● ASSIGNMENT
Take the line containing "Mr and Mrs Champagne Flutes Image" and all lines after it, through the end of the material, and repeat them exactly, pictures left out.

● COLLECTED DATA
========================================

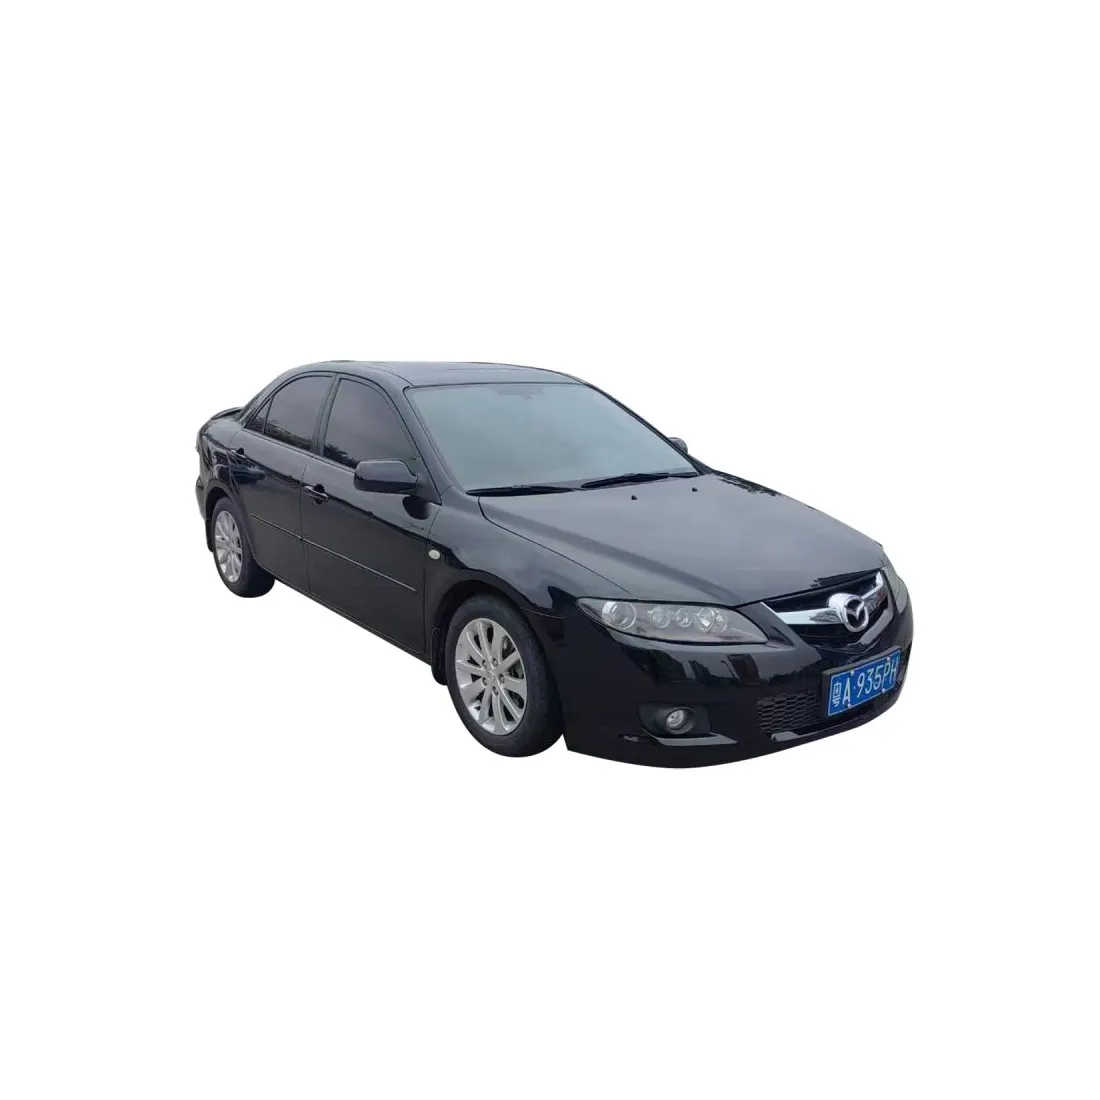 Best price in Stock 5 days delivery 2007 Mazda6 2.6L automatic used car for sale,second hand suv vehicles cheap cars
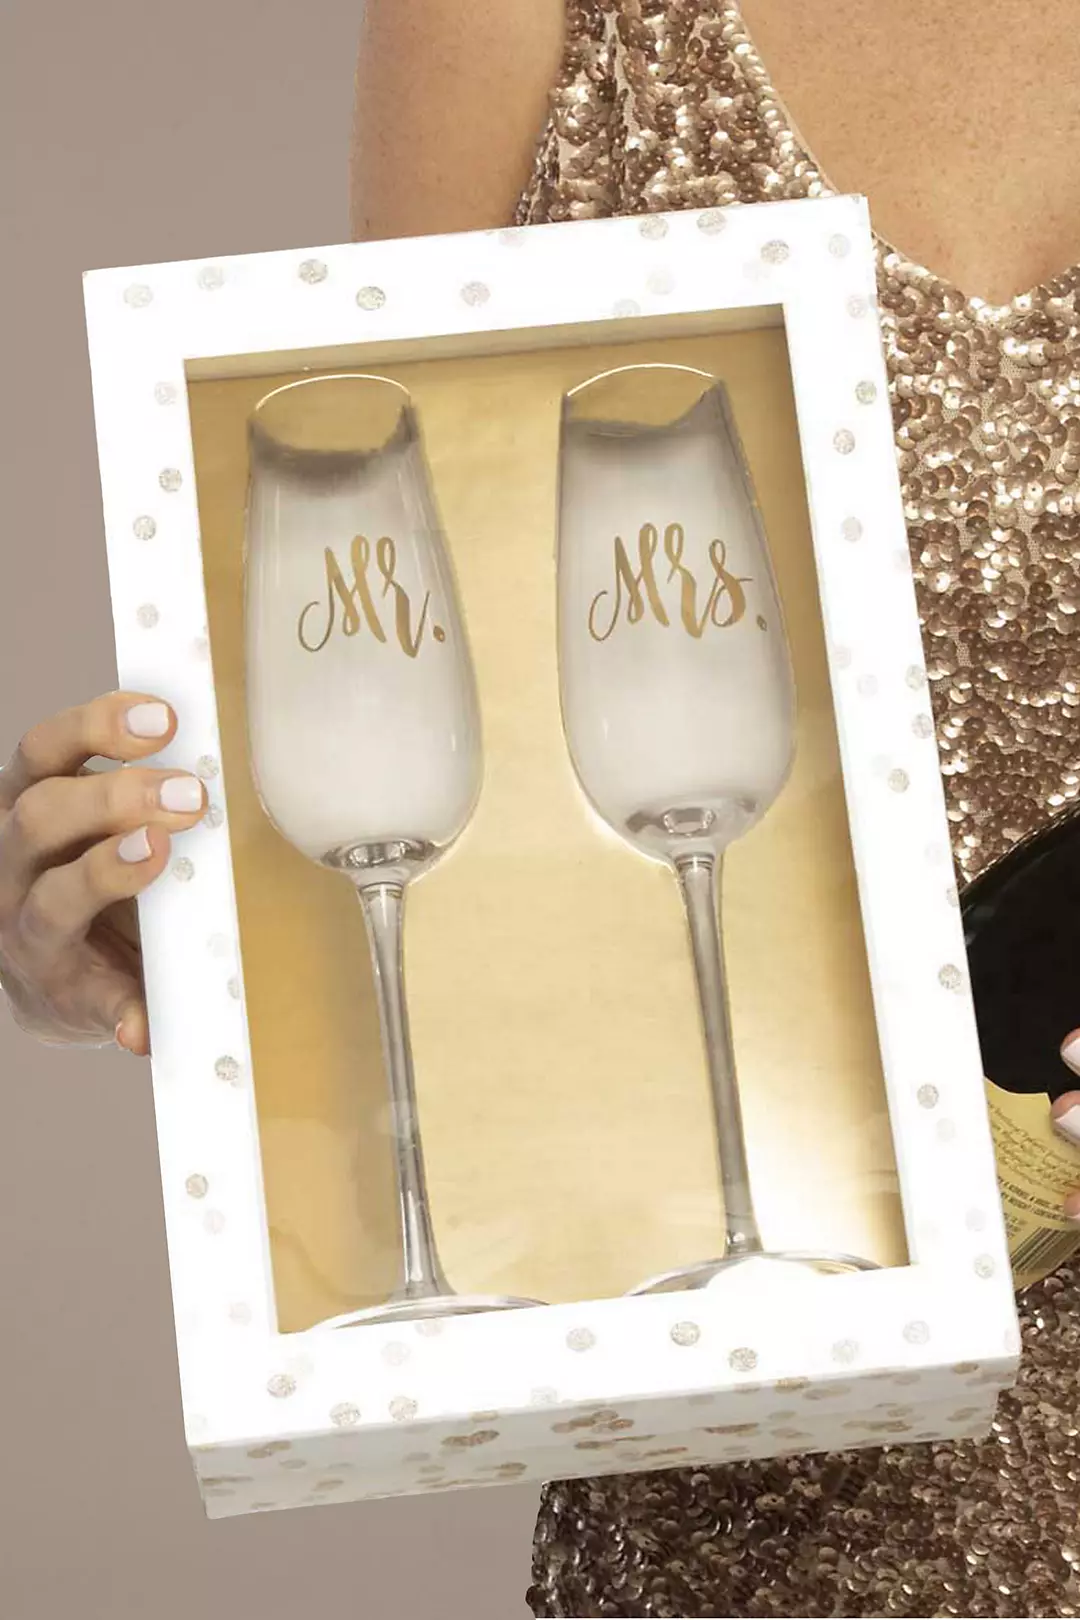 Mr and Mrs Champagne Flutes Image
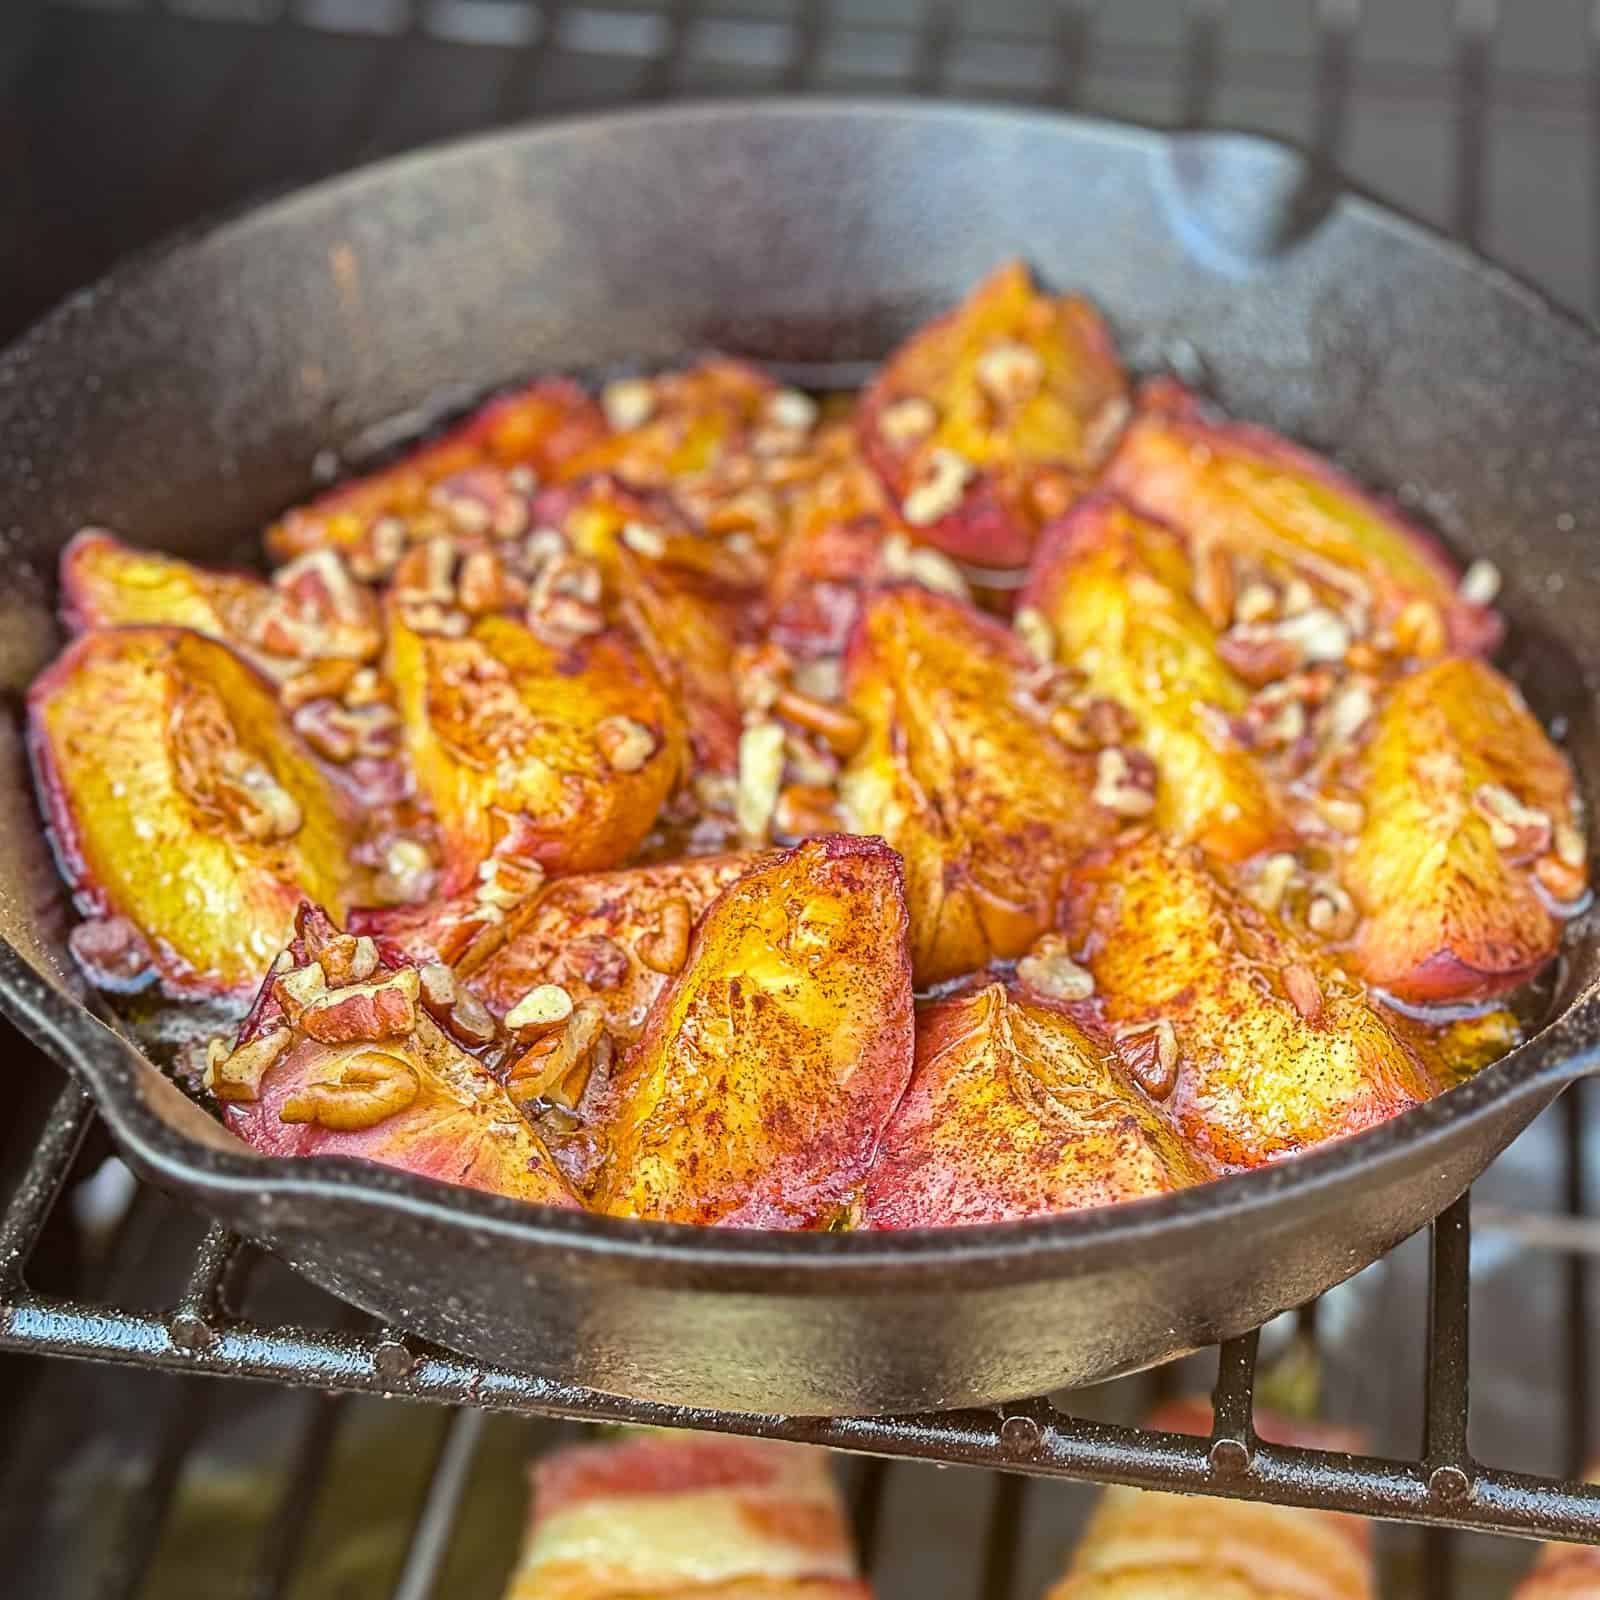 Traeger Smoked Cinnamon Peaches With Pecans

========================================

● TASK SOLUTION
 Mr and Mrs Champagne Flutes Image
 Traeger Smoked Cinnamon Peaches With Pecans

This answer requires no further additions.